CMU-CS-00-146
Computer Science Department
School of Computer Science, Carnegie Mellon University



CMU-CS-00-146

Automating the Meta Theory if Deductive Systems

Carsten Schuermann

August 2000

Ph.D. Thesis

CMU-CS-00-146.ps
CMU-CS-00-146.pdf


Keywords: Meta logic, LF, induction, regular world assumption, realizability, higher-order abstract syntax, Twelf


This thesis describes the design of a meta-logical framework that supports the representation and verification of deductive systems, its implementation as an automated theorem prover, and experimental results related to the areas of programming languages, type theory, and logics.
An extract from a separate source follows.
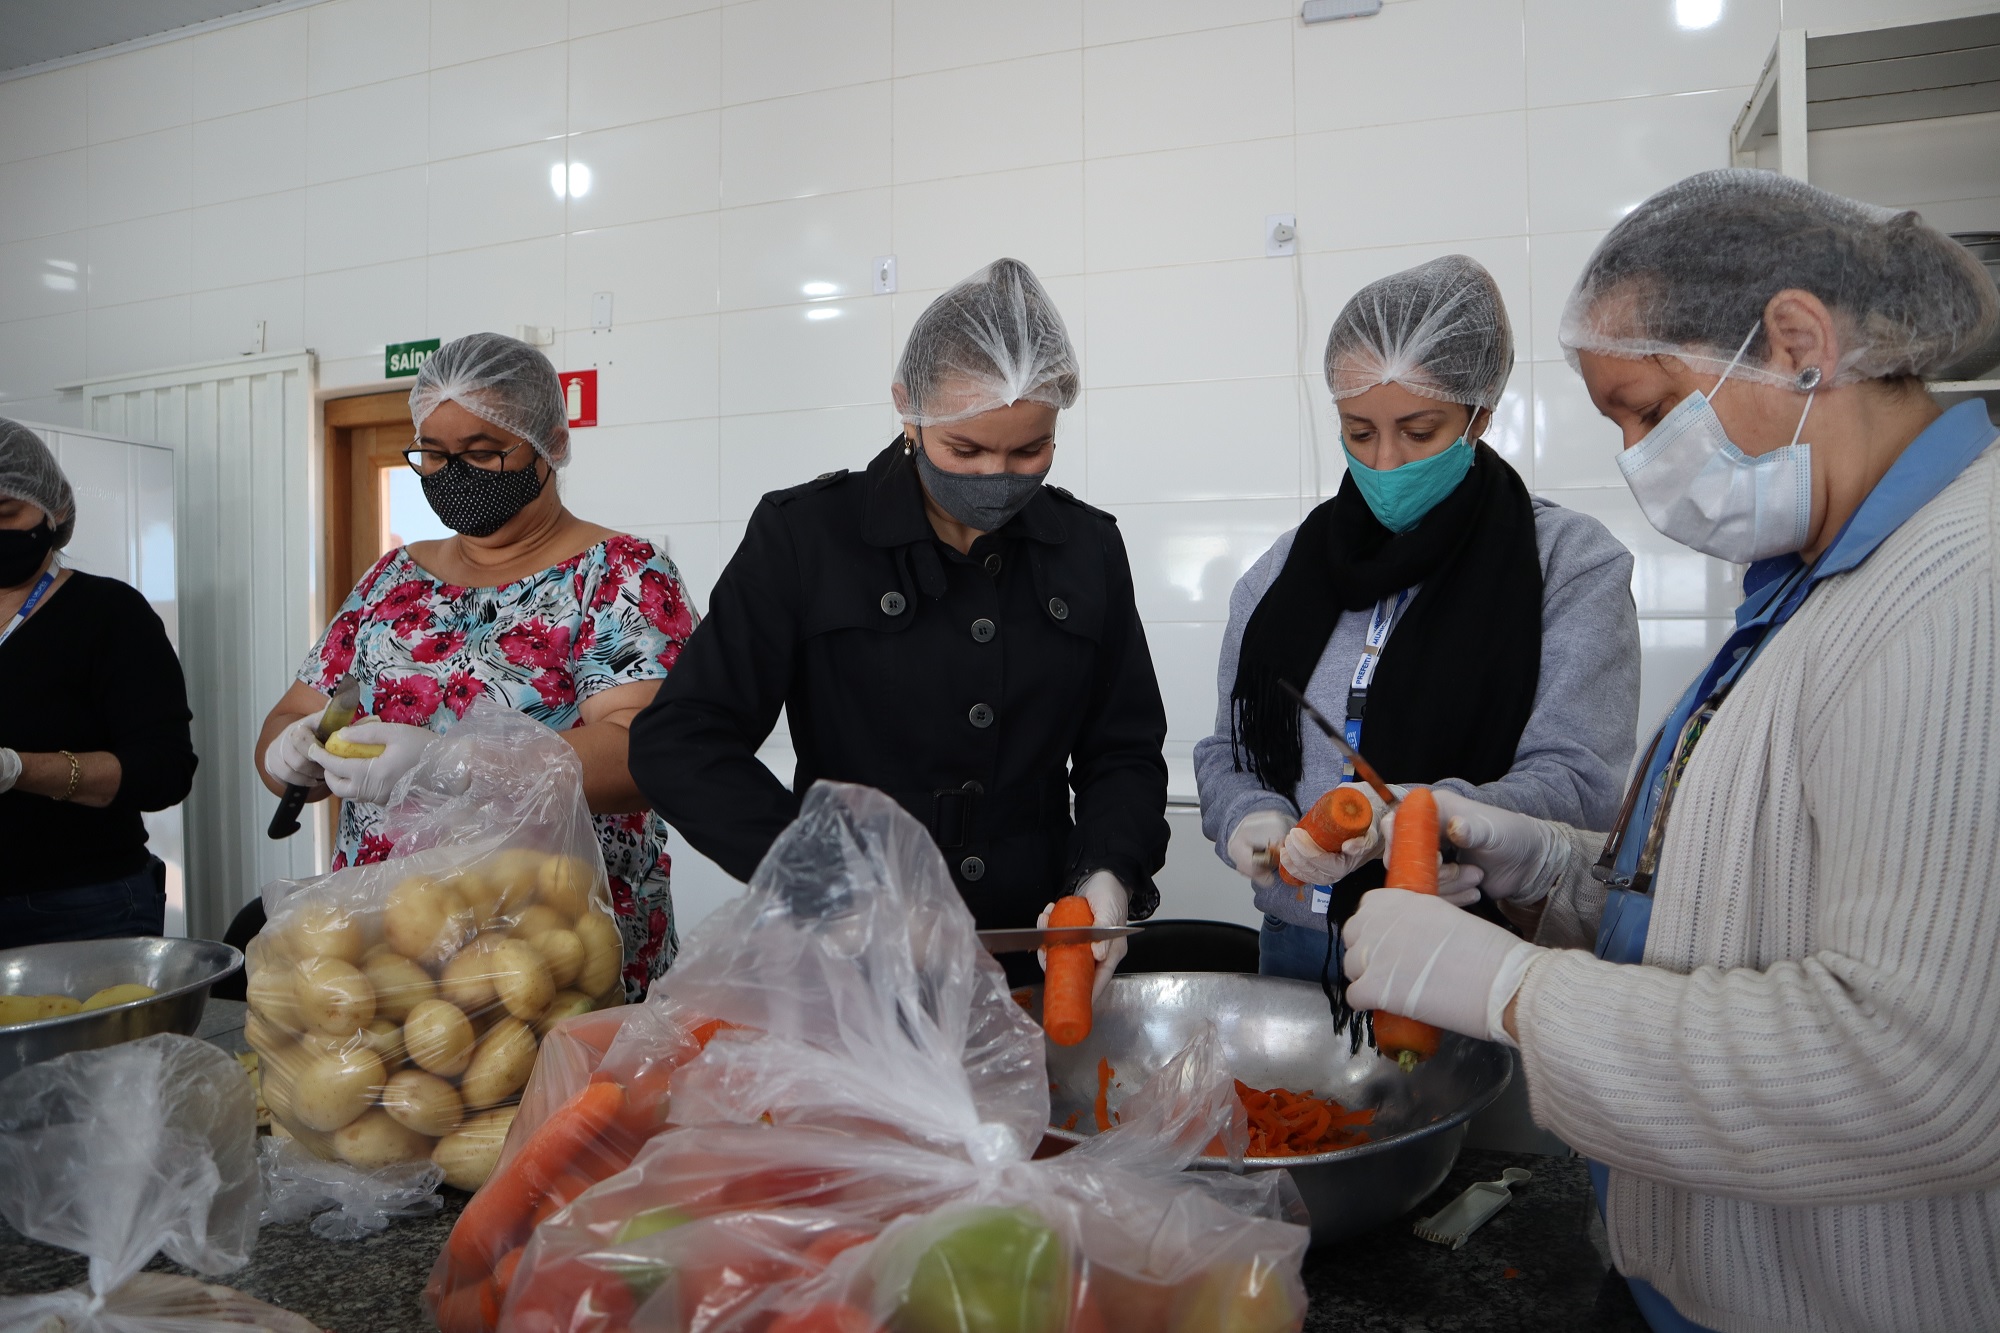 Funcionários da Secretaria de Desenvolvimento Social preparam alimentos para entrega nesta sexta-feira (30). Foto: Luís Fernando da Silva / Prefeitura Municipal de Urupês.

Design: The meta-logical framework extends the logical framework LF [Harper et al. 1993] by a meta-logic M2+. This design is novel and unique since it allows higher-order encodings of deductive systems and induction principles to coexist. On the one hand, higher-order representation techniques lead to concise and direct encodings of programming languages and logic calculi. Inductive definitions on the other hand allow the formalization of properties about deductive systems, such as the proof that an operational semantics preserves types or the proof that a logic is consistent. M2+ is a proof calculus whose proof terms are recursive functions that may be defined by cases and range over dependent higher-order types. The soundness of M2+ follows from a realizability interpretation of proof terms as total recursive functions.

Implementation: A proof search algorithm for proof terms in M2+ is implemented in the meta-theorem prover that is part of the Twelf system. Its takes full advantage of higher-order encodings while using inductive reasoning.

Experiments: Twelf has been used for many experiments. Among others, it proved automatically the Church-Rosser theorem for the simply-typed lambda-calculus and the cut-elimination theorem for intuitionistic first-order logic. In programming languages, it proved various type preservation theorems for different operational semantics and compiler correctness theorems. In logics, it was able to derive the equivalence of various logic calculi, such as the natural deduction calculus, the sequent calculus, and the Hilbert calculus. Twelf also proved that Cartesian closed categories can be embedded into the simply-typed lambda-calculus. In the special domains of programming languages, type theory, and logics, Twelf's reasoning power far exceeds that of any other theorem prover.